En ese frente, el coronel situó la campaña contra Hezbolá en una lógica de desgaste y supervivencia, y vinculó la maniobra terrestre hasta el Litani con las lecciones extraídas del 7 de octubre.
“Ellos luchan en una batalla de supervivencia, desde su punto de vista la Fuerza Aérea opera contra él con fuerza, él recibe golpes, nosotros profundizaremos el daño contra él, continuaremos defendiendo lo mejor que podamos. Aprendimos del 7 de octubre. El ejército entró hasta el Litani para servir como barrera entre Hezbolá y los civiles. Estoy con esto a pleno, estamos en enfoque total en este ámbito”.
El ritmo operativo, añadió, llevó a la Fuerza Aérea a encadenar salidas de máxima distancia en una misma jornada y a sostener varias misiones diarias de algunas plataformas sobre Irán. En la base, dijo, los equipos trabajan con descanso mínimo, refuerzos de reservistas y turnos para no comprometer el mantenimiento ni la seguridad de los vuelos.
“El evento es intenso y exigente, no solo en la Fuerza Aérea y no solo en mi base. La gente aguanta gracias al espíritu y porque saben que están defendiendo la retaguardia, y aguantan también con muy pocas horas de sueño. En los primeros días estuvimos al límite, la gente necesita dormir, un técnico que firma un avión y es responsable de vidas humanas debe dormir.
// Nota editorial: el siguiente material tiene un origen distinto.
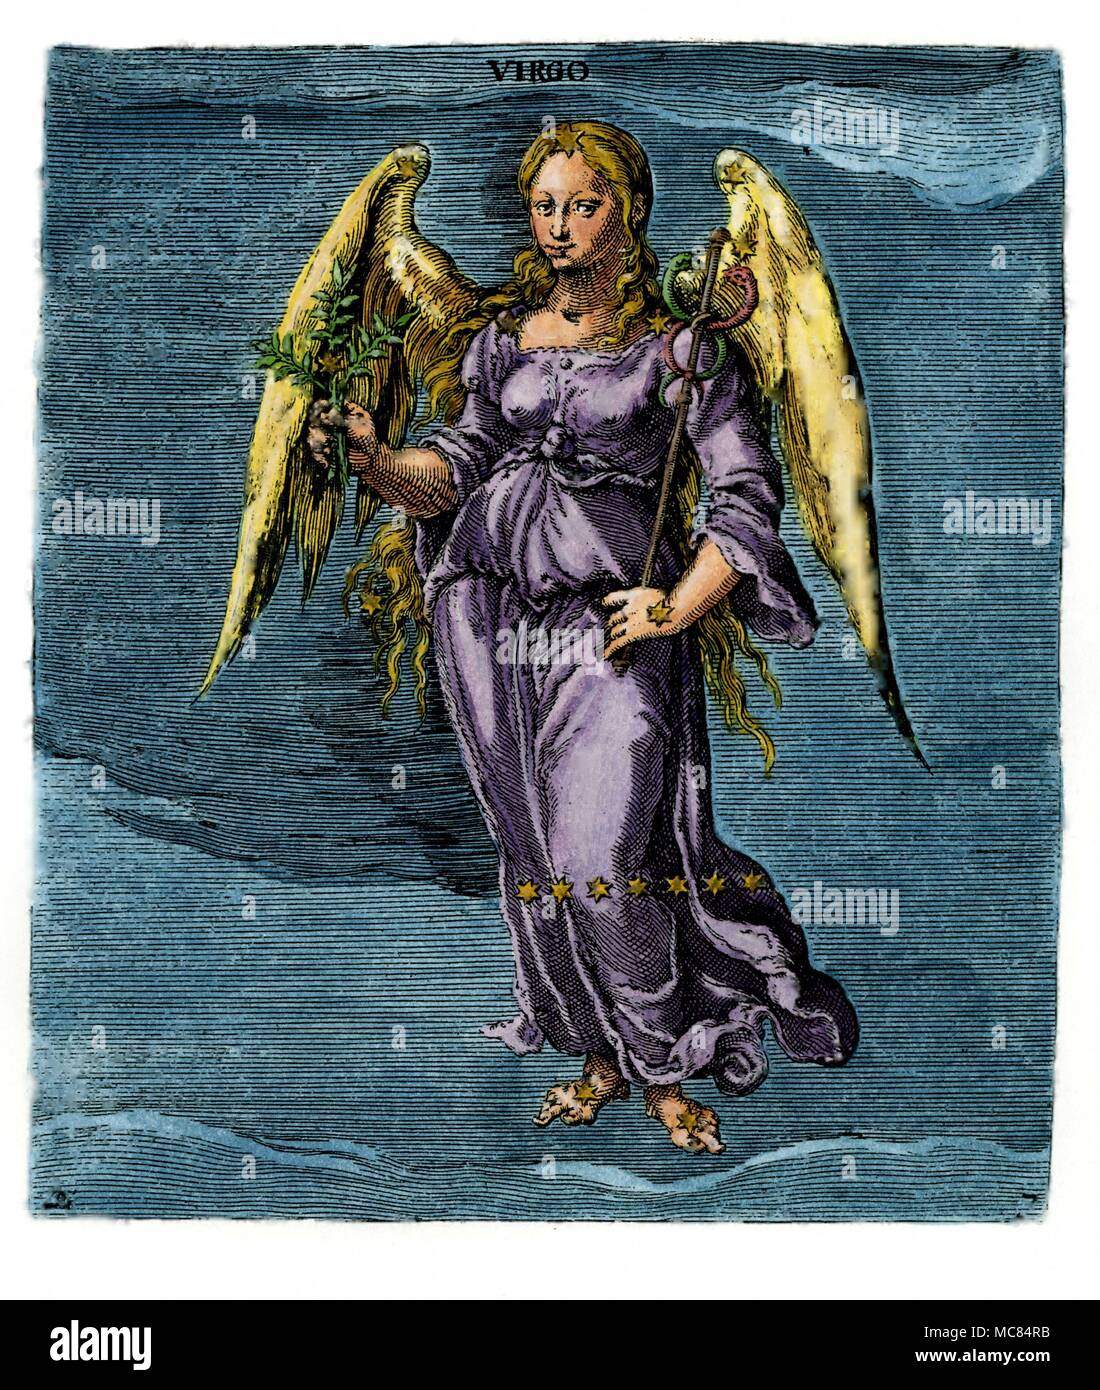 La Vierge, la jeune fille céleste, d'un dix-septième siècle à la main, gravure, qui est lui-même basé sur la 9e siècle Aratus mss. à Leyde. Aratus est né environ 315 BC en Soli, et a écrit son travail sur l'étoile pour la règle de Macédoine. Banque D'Images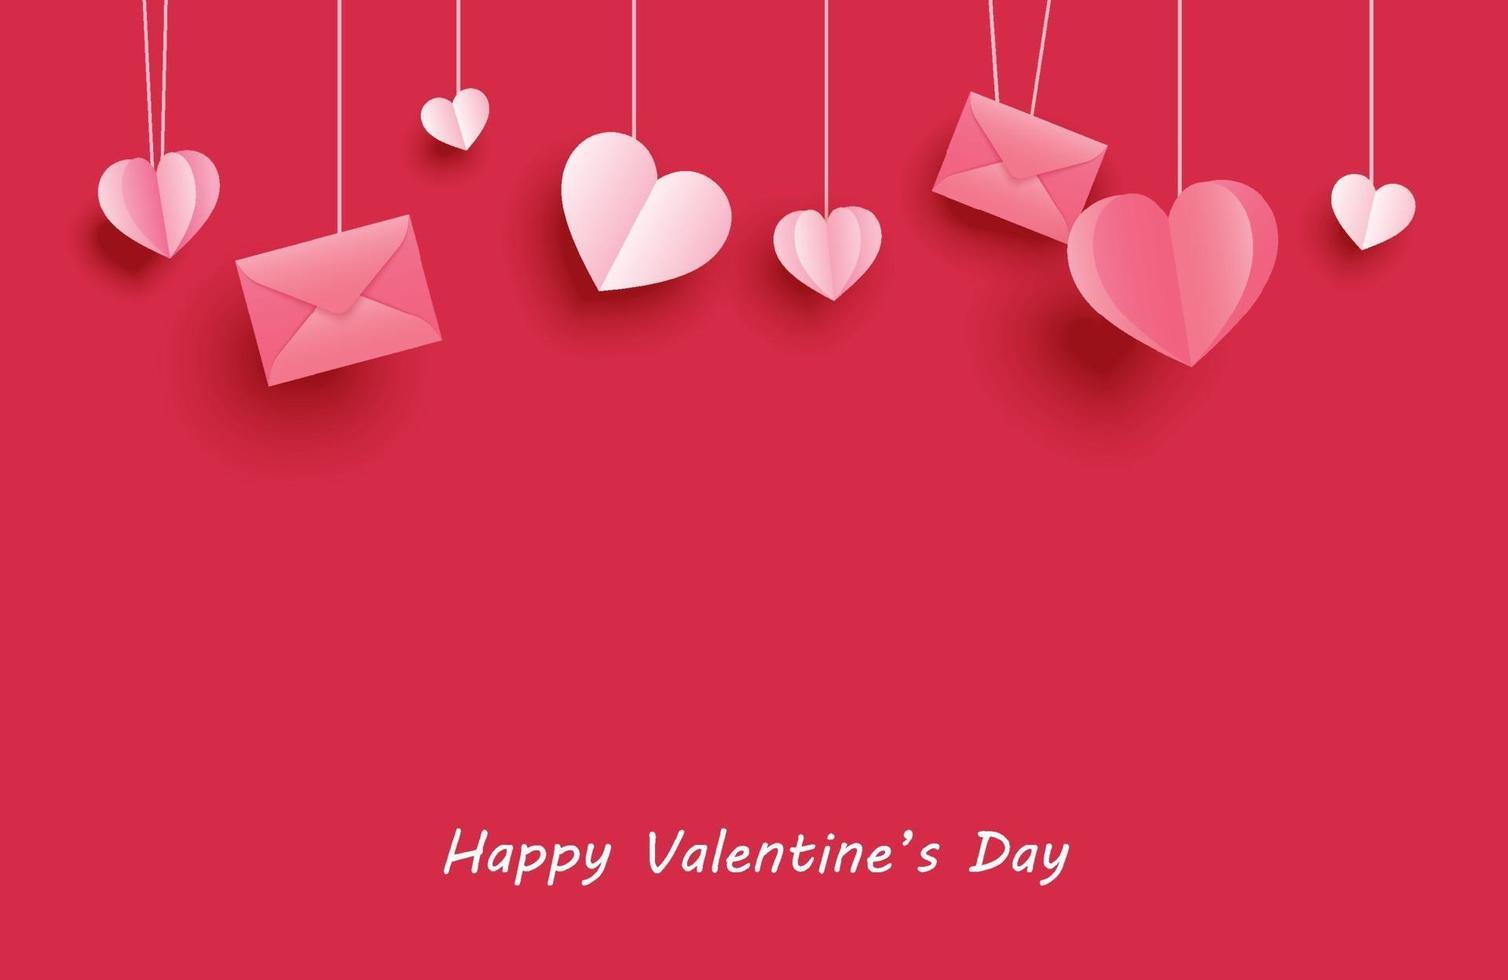 glad Alla hjärtans dag gratulationskort med papper hjärtan hängande på röd pastell bakgrund. vektor

Hacemos turnos, trajimos órdenes 8. Volé en el sistema Barak, como toda unidad combatiente, la gente llegó con pulsera de sala de partos, dejaron todo de lado por un mes, y no solo tripulaciones aéreas”.
Al evocar la guerra “Rugido del León”, el comandante la incorporó a la historia operativa de la Fuerza Aérea y comparó su arranque con la operación “Moked”. Dijo que la apertura incluyó más de 200 aviones de combate, que se dejó una fuerza mínima para la defensa del país y que el 98 % de los aparatos salió hacia Irán, incluso bajo alerta de “color rojo”, con la instrucción de no interrumpir el armado de bombas ni la preparación de las aeronaves.
“Siempre miramos con humildad la historia y el legado de la Fuerza Aérea, la operación ‘Moked’ fue un éxito militar loco, no se puede minimizar. En mi pequeña parte. Más de 200 aviones de combate en la formación inicial. Siempre tenemos aviones que se quedan para defender el Estado de Israel. El comandante de la Fuerza Aérea realizó una maniobra especialmente valiente, dejamos una fuerza mínima, pero el 98 % de los aviones de combate salieron hacia Irán. Sabíamos lo que estaba en juego. Si la operación Moked no hubiera tenido éxito, al final lo logramos, esa formación fue un éxito loco. Había una directiva de que incluso si había ‘color rojo’ no se podía detener, porque hay que llevar bombas al punto de armamento, porque cada momento puede haber más impactos en la retaguardia. La gente entendió que atacamos para defender, esto me encontró en la torre de control, en los escuadrones, en todos esos lugares estamos expuestos. Les dije a los soldados que no nos detenemos incluso si estamos transportando bombas para armar aviones. Se ponen casco y ejecutan la misión, cada momento de demora es más fuego contra la casa, contra la retaguardia”, afirma el coronel A.